O anlarsan birini, minik bir kıvılcım ânını anlatacağım bu yazımda sizlere…

Kimler yapar tarihi? Kimler kaçırır? Kimler yeniden tarihi yürütür yeniden önüne katarak?

Adım adım, sayha sayha tarihin önünüzde canlı bir varlık gibi aktığını hissettiniz mi hiç?

Ben hissettim... Hem de bir kaç defa...

Ama bu kadarını, bu denli arı-duru akıp gidenini, müştereken gerçekleştirdiğimiz bir yürüyüşün tadını, lezzetini, geleceği getiren kokusunu, rayihasını hücrelerime kadar bu kadar ilk defa hissettim o cumartesi günü.

Tam beş yıl önce bir sonbahar mevsiminde küçük bir kıvılcım olarak nitelediğim Medeniyet Tasavvuru Okulu’nun (MTO) açılışını yaptık.

İlk ders günümüzdü.

Ne gündü ama!

Ne kadar leziz, ne kadar nefis bir gündü!

Müslüman olma coşkusu’ndan bahsediyorum kaç zamandır. Pek bir şey anlaşılmadığını hissettiğim zamanlar oluyor ve üzülüyorum o zaman.

Beş yıl oldu, MTO’da bunun çok iyi anlaşıldığını görüyorum hamdolsun.
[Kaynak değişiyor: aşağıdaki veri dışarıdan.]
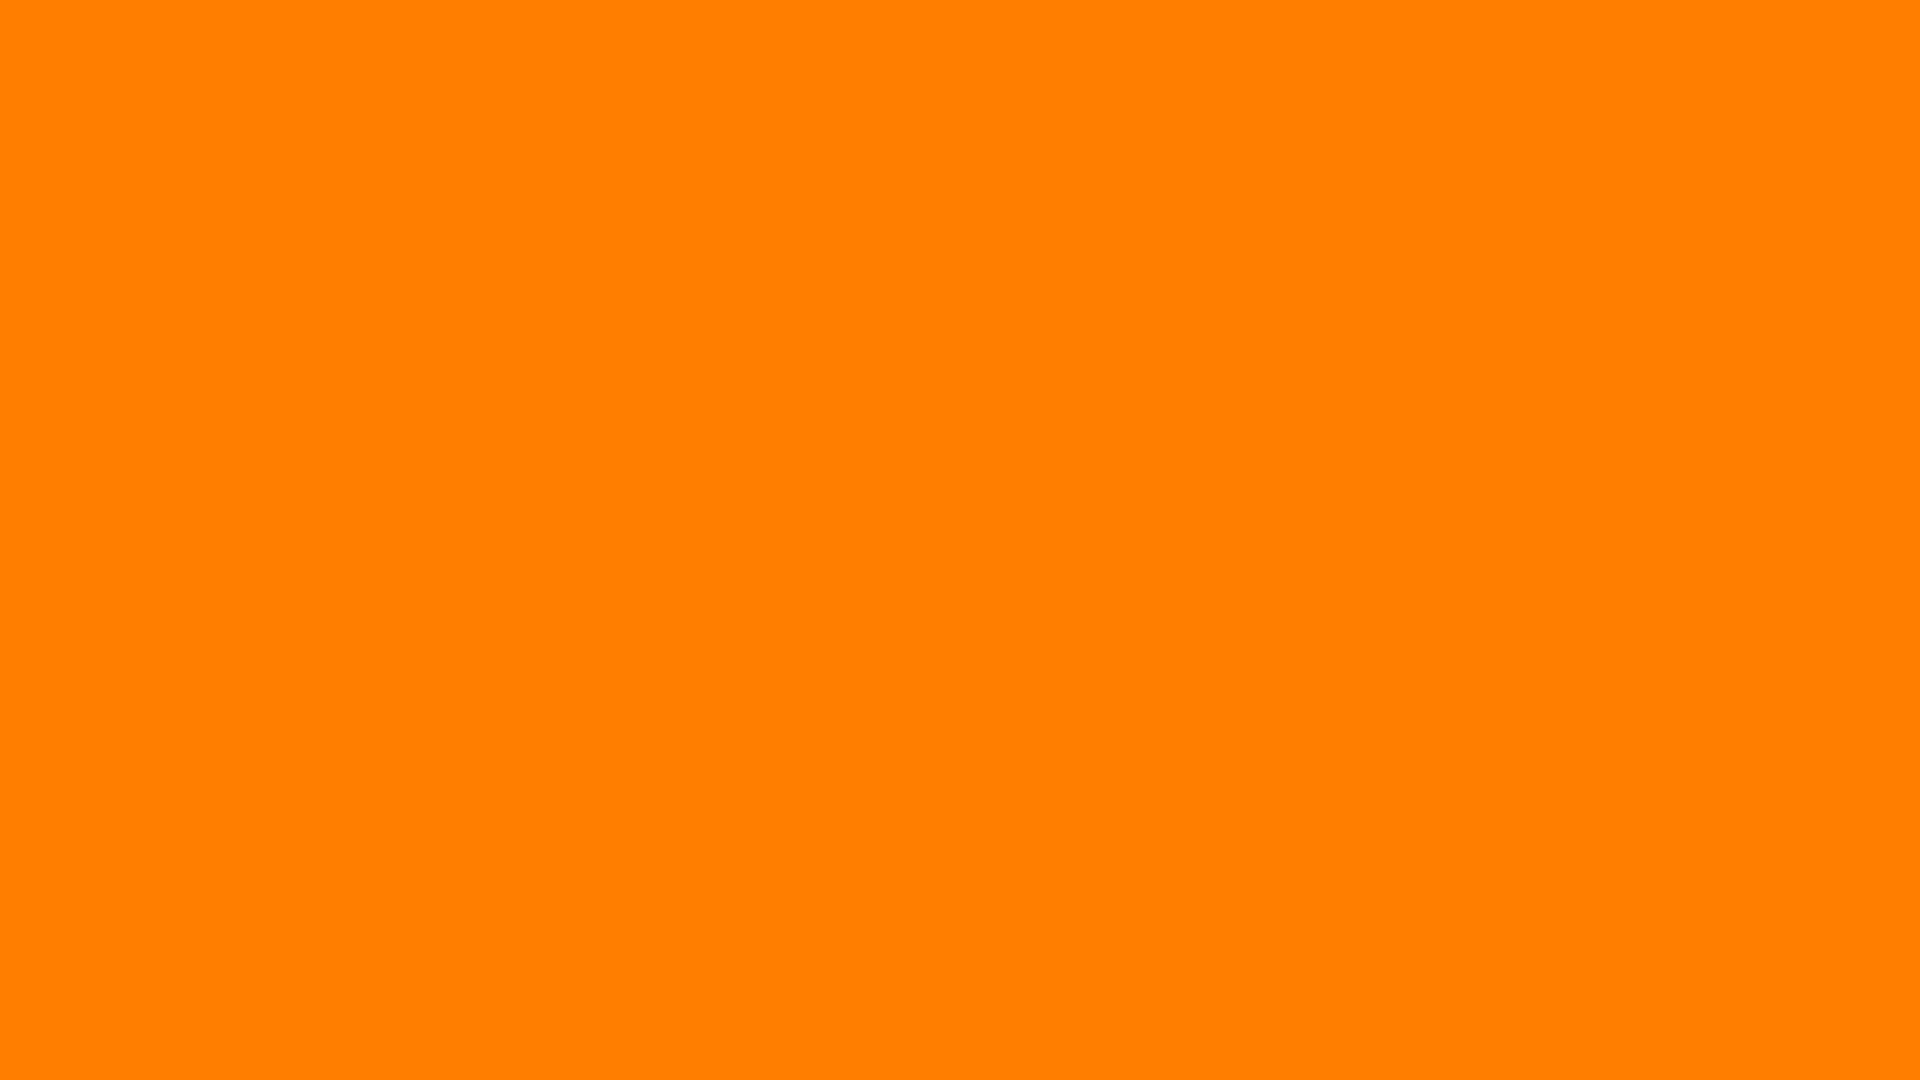 19x1080 Amber Orange Solid Color Background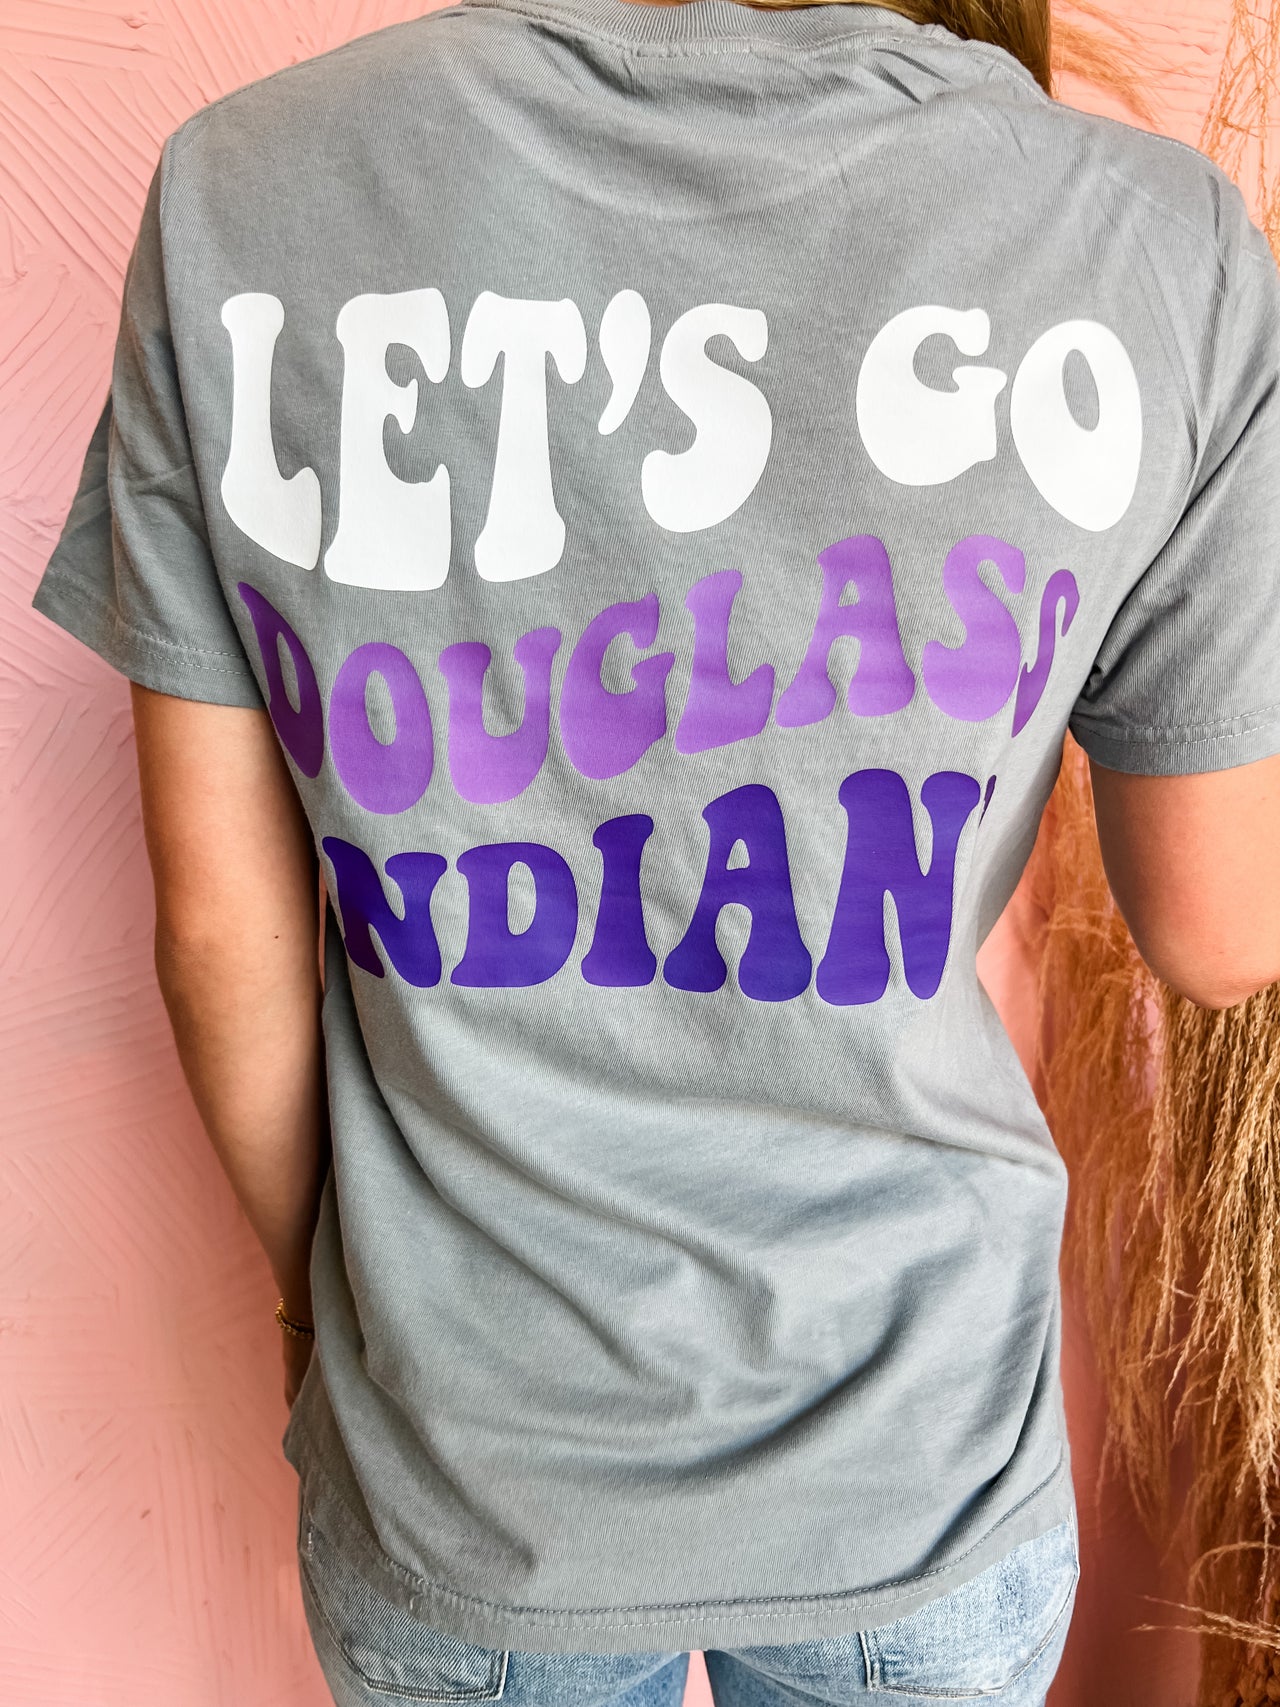 Let's Go Douglass Indians- Adult

Bunu anlatabilmeliyim bu ülkenin insanına, diyorum her seferinde kendi kendime.

Bir Batılının yaşama coşkusunu gördüm ben... Bir Paris kafesinde, bir Londra caddesinde, bir Viyana, bir New York üniversite kampüsünde...

Kendini yaşama, kendi tarihini yapma, kendi kişisel tarihini, akıp giden ülkenin tarihine katma coşkusunu...

Neden Batı’da kendini, kendi dünyasını yaşama coşkusu var da, bizde yok peki?

Nedeni şu: Onlar var, biz yokuz. Batı uygarlığı yaşıyor, yakarak yıkarak da olsa tarihi Batı uygarlığı yapıyor; bizse bakıyoruz sadece, onların yaptığı tarihin önünde sürükleniyoruz...

Tarihi sürükleyen biz değiliz çünkü.

Değiliz; çünkü tarihin dışındayız; tarihi biz yapmıyoruz, bizim çağrımızın kurduğu bir çağda yaşamıyoruz; başkalarının çağrılarının kurduğu bir ağ’da yuvarlanıyoruz sadece oraya buraya...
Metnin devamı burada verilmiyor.